Die Herbstdelegiertenversammlung der Psychotherapeutenkammer fand in 2014 erst sehr spät im Jahr statt. Dies erklärte sich damit, dass die erstmalige Verabschiedung einer Weiterbildungsordnung im Mittelpunkt stehen sollte und diese sich aber an die Musterweiterbildungsordnung (MWBO) der Bundespsychotherapeutenkammer anlehnen sollte. Beim 25. Deutschen Psychotherapeutentag am 25. November stand aber gerade diese MWBO zur Diskussion bzw. sollte einige grundlegende Veränderungen erhalten. Insofern war der zeitliche Abstand zwischen beiden Veranstaltungen eher recht knapp, wenn die beschlossenen Ergebnisse der einen Veranstaltung erst noch für die andere aufbereitet und in Beschlussvorlagen umgesetzt werden sollten. Die DV fand erstmal in den neuen Räumen der Kammergeschäftsstelle am Hirschgarten statt, in einem modernen, funktional geschnittenen und gerade fertig gestellten Bürogebäude. Der Sitzungsraum der Kammer, der eher für mittelgroße Gruppen gedacht ist, war knapp ausreichend für die ca. 50 Teilnehmer der Sitzung, jedoch bot dieser Sitzungsort die gute Gelegenheit, den Delegierten die Arbeit der Geschäftsstelle vor Ort zu erläutern und die Kammer „anfassbar“ zu machen.

Beitragserhöhung

Nach sieben Jahren ohne Beitragserhöhung war auch dieses Thema mal wieder dran. Die vom Vorstand vorgeschlagene Erhöhung der Kammerbeiträge wurde diskutiert, aber nicht so heftig, wie schon zuvor, weil es einen Konsens gab, dass die Kammer für ihre engagierte Arbeit auch entsprechende Finanzmittel benötigt (und es in dem Bezugszeitraum bereits ein  aufsummierte Inflation von ca. 15% gegeben habe). Im Ergebnis wird der Beitrag für alle Beitragsgruppen um ca. 45 € erhöht, so dass der Jahreshöchstbetrag nun bei 435 Euro liegt. Auch die Gebührenordnung, z.B. für die Bearbeitung von Fortbildungsanträgen o.ä. wurde angepasst, das heißt meist erhöht, einige Posten wurden neu eingeführt.

Weiterbildungsordnung

Eng angelehnt an den Text der Musterweiterbildungsordnung der BPtK wurde dann auch noch die erste Weiterbildungsordnung der PTK diskutiert und letztlich verabschiedet. In Bayern gibt es nun Weiterbildungen in den Bereichen Klinische Neuropsychologie, Systemische Therapie und Gesprächspsychotherapie. Bei der Beratung über den vorgelegten Entwurf wurden (kleine) Missstimmungen deutlich, weil der Vorstand den vom Weiterbildungsausschuss vorgeschlagenen Entwurf weiterentwickelt (verändert) hatte und – ohne Rücksprache mit dem zuständigen Ausschuss – der Delegiertenversammlung vorgelegt hatte. Von Seiten des  Vorstands wurde deutlich gemacht, dass dieser Formfehler der knappen Zeit (siehe oben) geschuldet war, aber tatsächlich eigentlich hätte vermieden werden sollen.

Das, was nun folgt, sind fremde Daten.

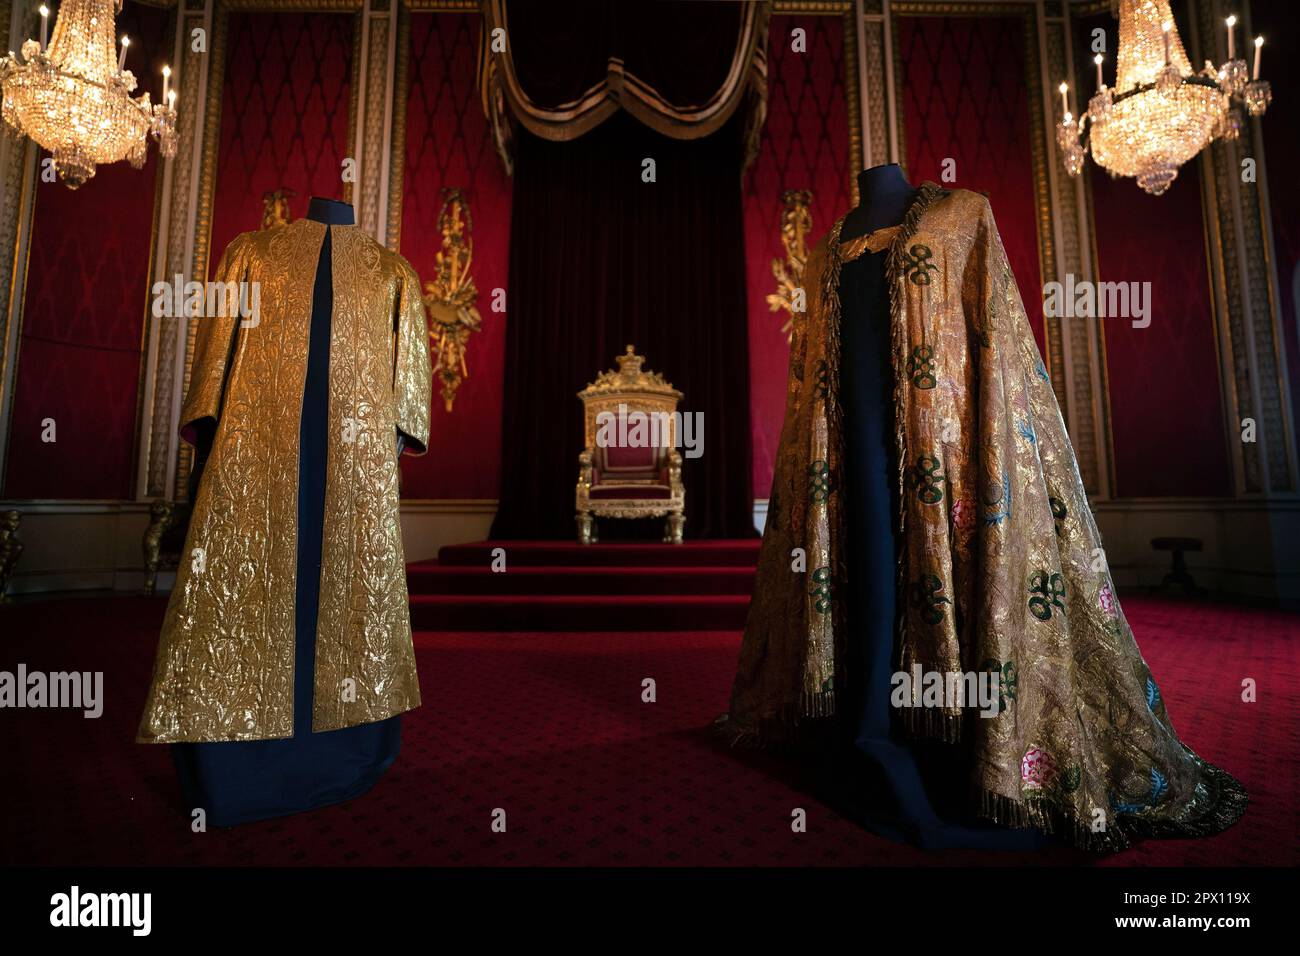 Les vêtements de Coronation, comprenant la Supertunica (à gauche) et le  manteau impérial (à droite), exposés dans la salle du Trône à Buckingham  Palace, Londres. Les vêtements seront portés par le roi
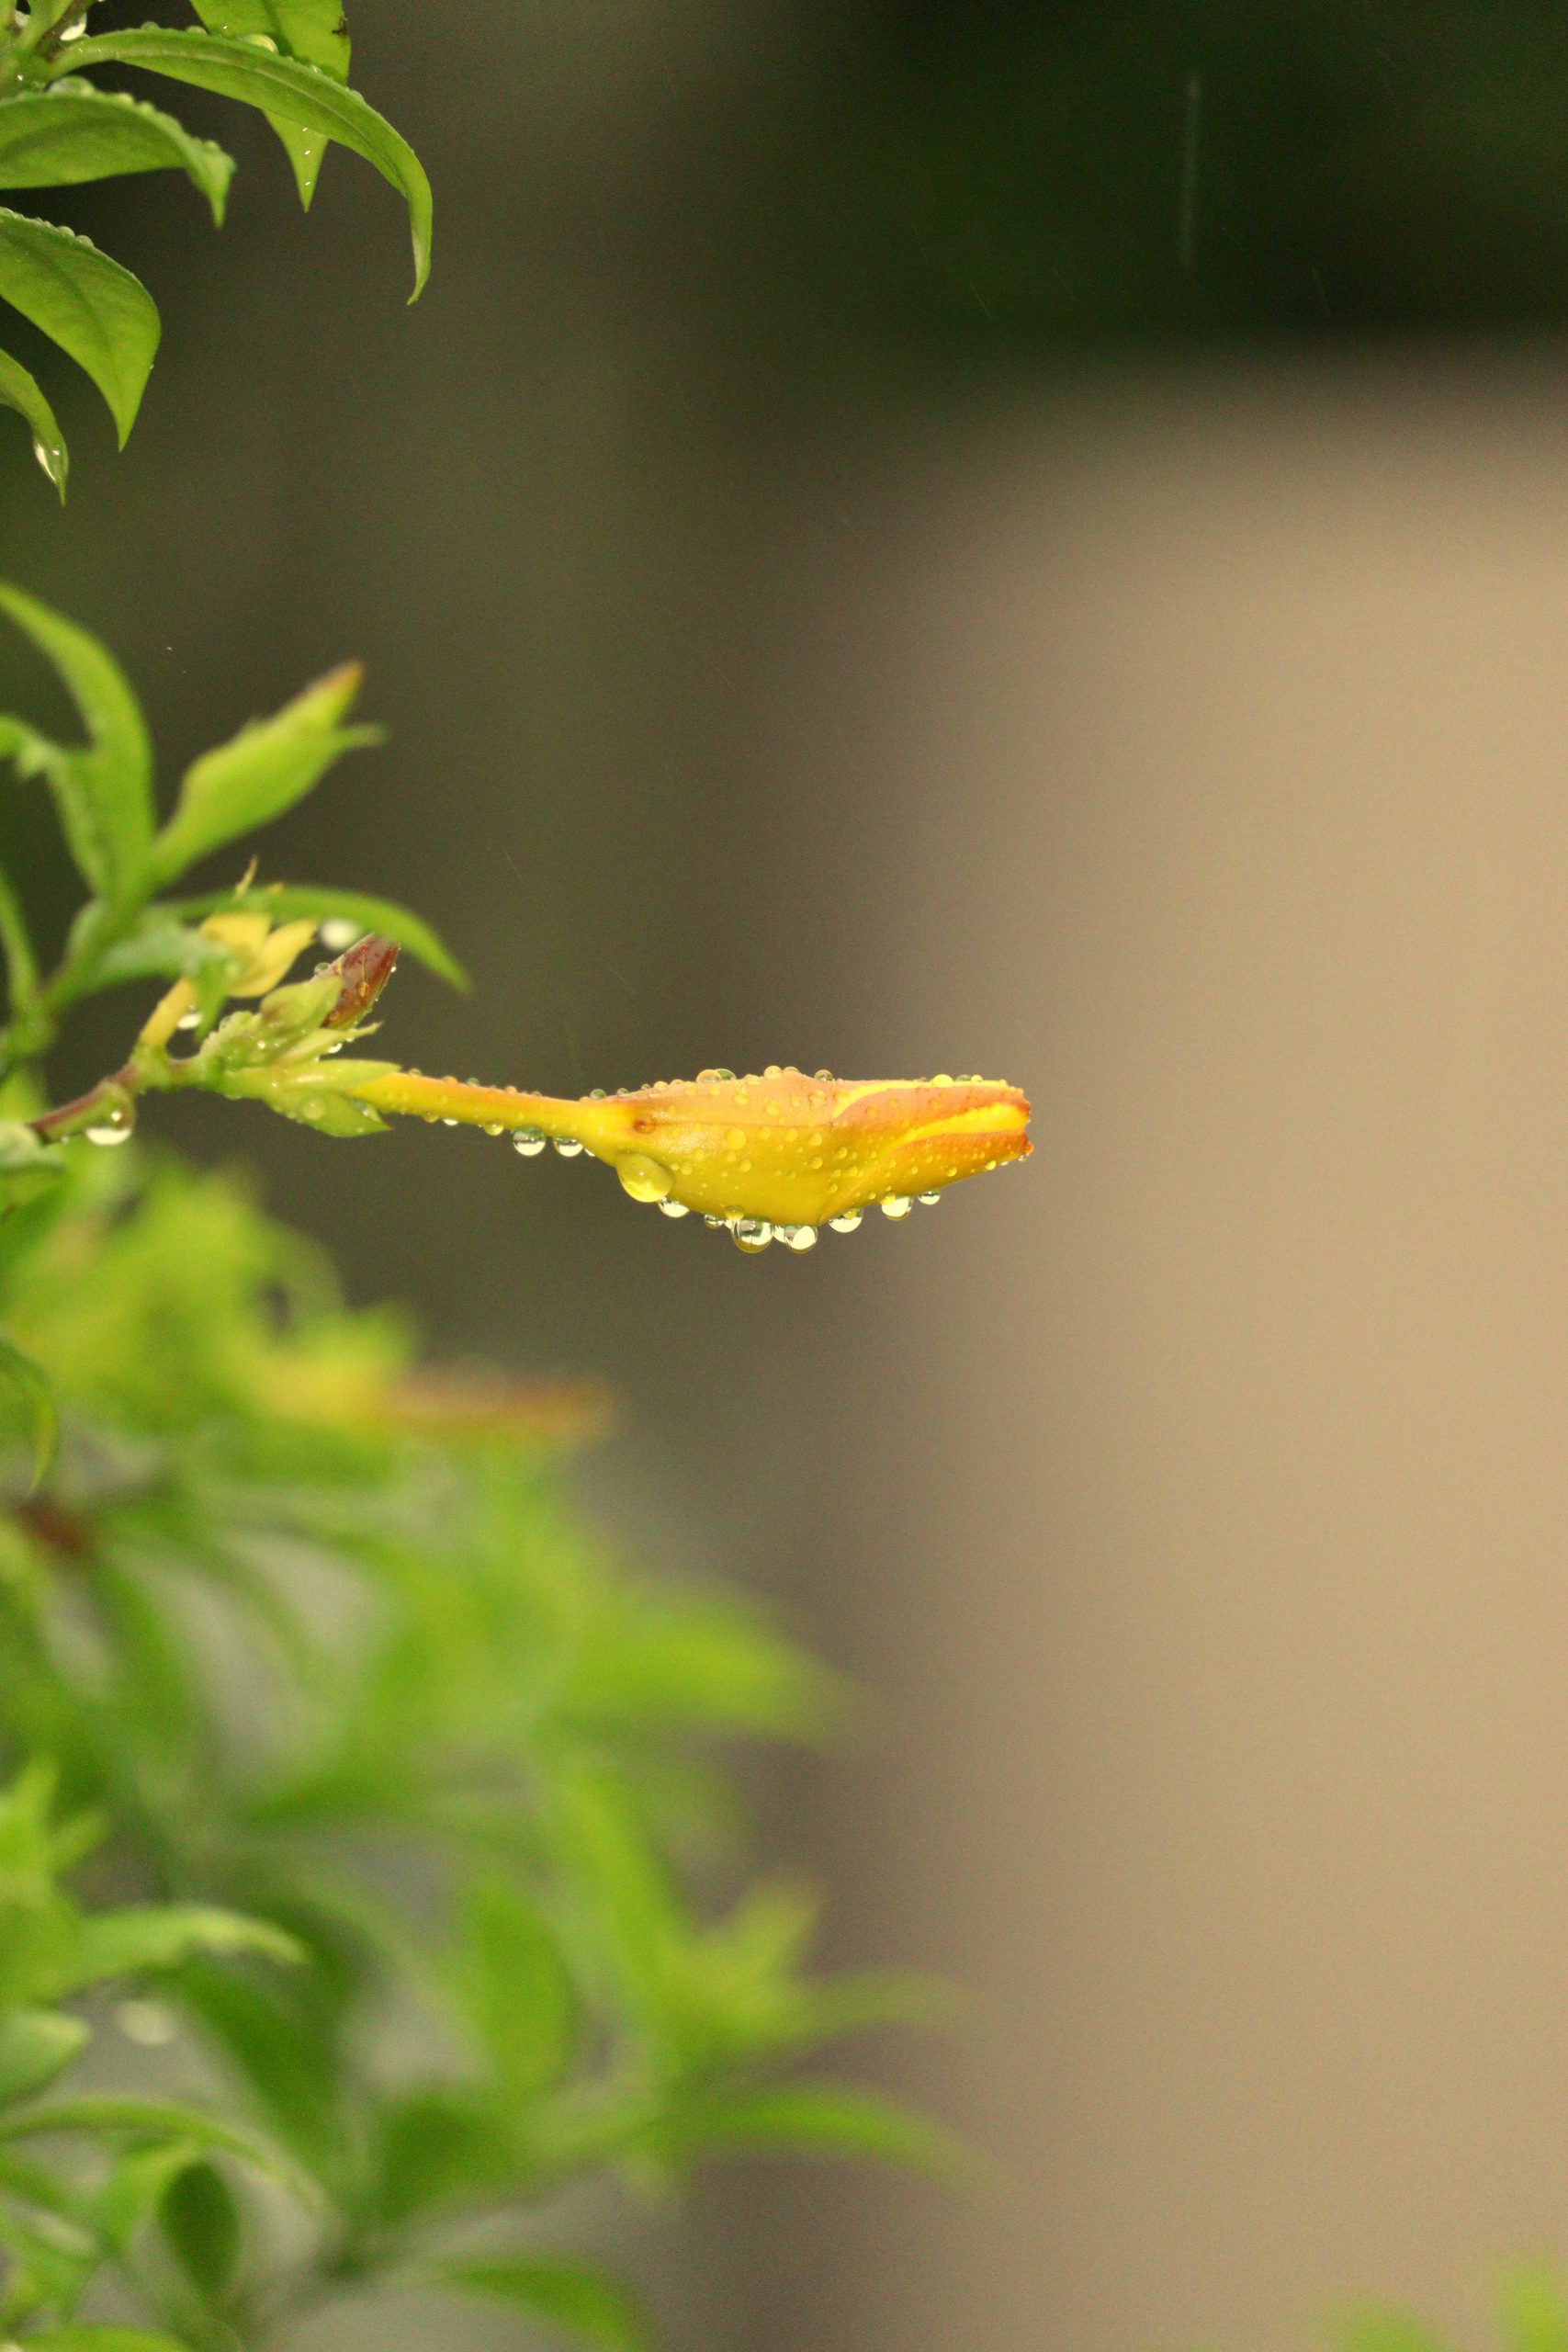 Dew on a flower bud

Am Rande sei erwähnt, dass die bayerische Weiterbildungsordnung der PTK – was die Genderisierung angeht – vermutlich die modernste Satzung/Ordnung einer Psychotherapeutenkammer darstellt: Im Text sind bei Personen und Berufsbezeichnungen nicht nur durchgehend Männer und Frauen genannt worden, zudem wird in einer Fußnote erwähnt, dass alle Personenbezeichnungen für Männer, Frauen und Andere gelten.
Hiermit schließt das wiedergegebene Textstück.